> **DATA**
_ _ _ _ _

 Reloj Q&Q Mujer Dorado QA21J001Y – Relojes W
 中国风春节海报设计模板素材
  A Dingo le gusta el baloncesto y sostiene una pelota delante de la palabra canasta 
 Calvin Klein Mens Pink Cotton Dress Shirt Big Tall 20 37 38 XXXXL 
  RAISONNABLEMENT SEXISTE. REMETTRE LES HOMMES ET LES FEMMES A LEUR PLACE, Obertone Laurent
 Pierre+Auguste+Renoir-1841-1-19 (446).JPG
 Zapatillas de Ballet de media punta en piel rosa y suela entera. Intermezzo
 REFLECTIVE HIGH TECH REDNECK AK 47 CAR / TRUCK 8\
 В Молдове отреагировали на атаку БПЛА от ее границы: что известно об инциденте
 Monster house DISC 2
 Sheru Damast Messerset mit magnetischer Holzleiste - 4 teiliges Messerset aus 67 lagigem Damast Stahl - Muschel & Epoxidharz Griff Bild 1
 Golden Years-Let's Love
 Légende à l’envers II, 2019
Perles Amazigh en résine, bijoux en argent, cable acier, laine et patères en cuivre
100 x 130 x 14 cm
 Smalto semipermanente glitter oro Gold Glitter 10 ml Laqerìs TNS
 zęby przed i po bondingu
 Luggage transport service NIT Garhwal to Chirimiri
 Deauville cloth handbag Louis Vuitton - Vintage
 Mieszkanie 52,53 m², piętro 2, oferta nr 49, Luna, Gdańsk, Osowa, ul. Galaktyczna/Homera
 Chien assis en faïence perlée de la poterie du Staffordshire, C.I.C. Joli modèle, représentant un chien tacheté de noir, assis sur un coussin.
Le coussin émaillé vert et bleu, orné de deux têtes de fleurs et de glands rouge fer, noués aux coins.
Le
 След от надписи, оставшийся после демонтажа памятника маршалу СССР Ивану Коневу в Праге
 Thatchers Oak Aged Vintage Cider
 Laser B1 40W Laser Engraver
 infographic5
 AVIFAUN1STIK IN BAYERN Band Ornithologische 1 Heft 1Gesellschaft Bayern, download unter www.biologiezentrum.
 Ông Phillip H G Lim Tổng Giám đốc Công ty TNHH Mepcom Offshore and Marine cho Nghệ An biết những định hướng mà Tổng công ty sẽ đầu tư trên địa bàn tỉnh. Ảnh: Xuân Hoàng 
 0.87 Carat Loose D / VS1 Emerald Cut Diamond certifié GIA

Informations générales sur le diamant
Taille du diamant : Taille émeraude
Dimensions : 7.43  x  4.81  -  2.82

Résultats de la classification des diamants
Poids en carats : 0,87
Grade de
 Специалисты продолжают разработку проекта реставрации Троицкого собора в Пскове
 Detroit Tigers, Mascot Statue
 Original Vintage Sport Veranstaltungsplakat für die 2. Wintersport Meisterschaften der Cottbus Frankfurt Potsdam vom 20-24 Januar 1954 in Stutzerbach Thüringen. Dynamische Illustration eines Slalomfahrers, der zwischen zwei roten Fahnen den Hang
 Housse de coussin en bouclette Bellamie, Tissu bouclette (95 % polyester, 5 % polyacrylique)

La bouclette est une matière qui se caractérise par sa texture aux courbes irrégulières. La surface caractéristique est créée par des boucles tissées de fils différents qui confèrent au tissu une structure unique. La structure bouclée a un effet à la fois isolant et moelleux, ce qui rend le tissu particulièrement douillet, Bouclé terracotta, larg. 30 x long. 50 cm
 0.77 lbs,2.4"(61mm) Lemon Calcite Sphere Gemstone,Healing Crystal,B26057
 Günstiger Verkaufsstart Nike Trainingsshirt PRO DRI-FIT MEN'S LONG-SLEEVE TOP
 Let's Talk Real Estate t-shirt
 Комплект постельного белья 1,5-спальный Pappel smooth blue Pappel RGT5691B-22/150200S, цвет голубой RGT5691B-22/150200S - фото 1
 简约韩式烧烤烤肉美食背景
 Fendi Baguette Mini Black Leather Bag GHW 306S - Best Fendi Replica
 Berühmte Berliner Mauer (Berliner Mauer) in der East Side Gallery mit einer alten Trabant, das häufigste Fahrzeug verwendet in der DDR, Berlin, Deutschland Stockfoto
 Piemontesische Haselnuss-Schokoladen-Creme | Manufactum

_ _ _ _ _

> **WHAT IS BEING ASKED**
The data above should be duplicated exactly and completely.

> **SOLUTION FOR THIS TASK**
 Reloj Q&Q Mujer Dorado QA21J001Y – Relojes W
 中国风春节海报设计模板素材
  A Dingo le gusta el baloncesto y sostiene una pelota delante de la palabra canasta 
 Calvin Klein Mens Pink Cotton Dress Shirt Big Tall 20 37 38 XXXXL 
  RAISONNABLEMENT SEXISTE. REMETTRE LES HOMMES ET LES FEMMES A LEUR PLACE, Obertone Laurent
 Pierre+Auguste+Renoir-1841-1-19 (446).JPG
 Zapatillas de Ballet de media punta en piel rosa y suela entera. Intermezzo
 REFLECTIVE HIGH TECH REDNECK AK 47 CAR / TRUCK 8\
 В Молдове отреагировали на атаку БПЛА от ее границы: что известно об инциденте
 Monster house DISC 2
 Sheru Damast Messerset mit magnetischer Holzleiste - 4 teiliges Messerset aus 67 lagigem Damast Stahl - Muschel & Epoxidharz Griff Bild 1
 Golden Years-Let's Love
 Légende à l’envers II, 2019
Perles Amazigh en résine, bijoux en argent, cable acier, laine et patères en cuivre
100 x 130 x 14 cm
 Smalto semipermanente glitter oro Gold Glitter 10 ml Laqerìs TNS
 zęby przed i po bondingu
 Luggage transport service NIT Garhwal to Chirimiri
 Deauville cloth handbag Louis Vuitton - Vintage
 Mieszkanie 52,53 m², piętro 2, oferta nr 49, Luna, Gdańsk, Osowa, ul. Galaktyczna/Homera
 Chien assis en faïence perlée de la poterie du Staffordshire, C.I.C. Joli modèle, représentant un chien tacheté de noir, assis sur un coussin.
Le coussin émaillé vert et bleu, orné de deux têtes de fleurs et de glands rouge fer, noués aux coins.
Le
 След от надписи, оставшийся после демонтажа памятника маршалу СССР Ивану Коневу в Праге
 Thatchers Oak Aged Vintage Cider
 Laser B1 40W Laser Engraver
 infographic5
 AVIFAUN1STIK IN BAYERN Band Ornithologische 1 Heft 1Gesellschaft Bayern, download unter www.biologiezentrum.
 Ông Phillip H G Lim Tổng Giám đốc Công ty TNHH Mepcom Offshore and Marine cho Nghệ An biết những định hướng mà Tổng công ty sẽ đầu tư trên địa bàn tỉnh. Ảnh: Xuân Hoàng 
 0.87 Carat Loose D / VS1 Emerald Cut Diamond certifié GIA

Informations générales sur le diamant
Taille du diamant : Taille émeraude
Dimensions : 7.43  x  4.81  -  2.82

Résultats de la classification des diamants
Poids en carats : 0,87
Grade de
 Специалисты продолжают разработку проекта реставрации Троицкого собора в Пскове
 Detroit Tigers, Mascot Statue
 Original Vintage Sport Veranstaltungsplakat für die 2. Wintersport Meisterschaften der Cottbus Frankfurt Potsdam vom 20-24 Januar 1954 in Stutzerbach Thüringen. Dynamische Illustration eines Slalomfahrers, der zwischen zwei roten Fahnen den Hang
 Housse de coussin en bouclette Bellamie, Tissu bouclette (95 % polyester, 5 % polyacrylique)

La bouclette est une matière qui se caractérise par sa texture aux courbes irrégulières. La surface caractéristique est créée par des boucles tissées de fils différents qui confèrent au tissu une structure unique. La structure bouclée a un effet à la fois isolant et moelleux, ce qui rend le tissu particulièrement douillet, Bouclé terracotta, larg. 30 x long. 50 cm
 0.77 lbs,2.4"(61mm) Lemon Calcite Sphere Gemstone,Healing Crystal,B26057
 Günstiger Verkaufsstart Nike Trainingsshirt PRO DRI-FIT MEN'S LONG-SLEEVE TOP
 Let's Talk Real Estate t-shirt
 Комплект постельного белья 1,5-спальный Pappel smooth blue Pappel RGT5691B-22/150200S, цвет голубой RGT5691B-22/150200S - фото 1
 简约韩式烧烤烤肉美食背景
 Fendi Baguette Mini Black Leather Bag GHW 306S - Best Fendi Replica
 Berühmte Berliner Mauer (Berliner Mauer) in der East Side Gallery mit einer alten Trabant, das häufigste Fahrzeug verwendet in der DDR, Berlin, Deutschland Stockfoto
 Piemontesische Haselnuss-Schokoladen-Creme | Manufactum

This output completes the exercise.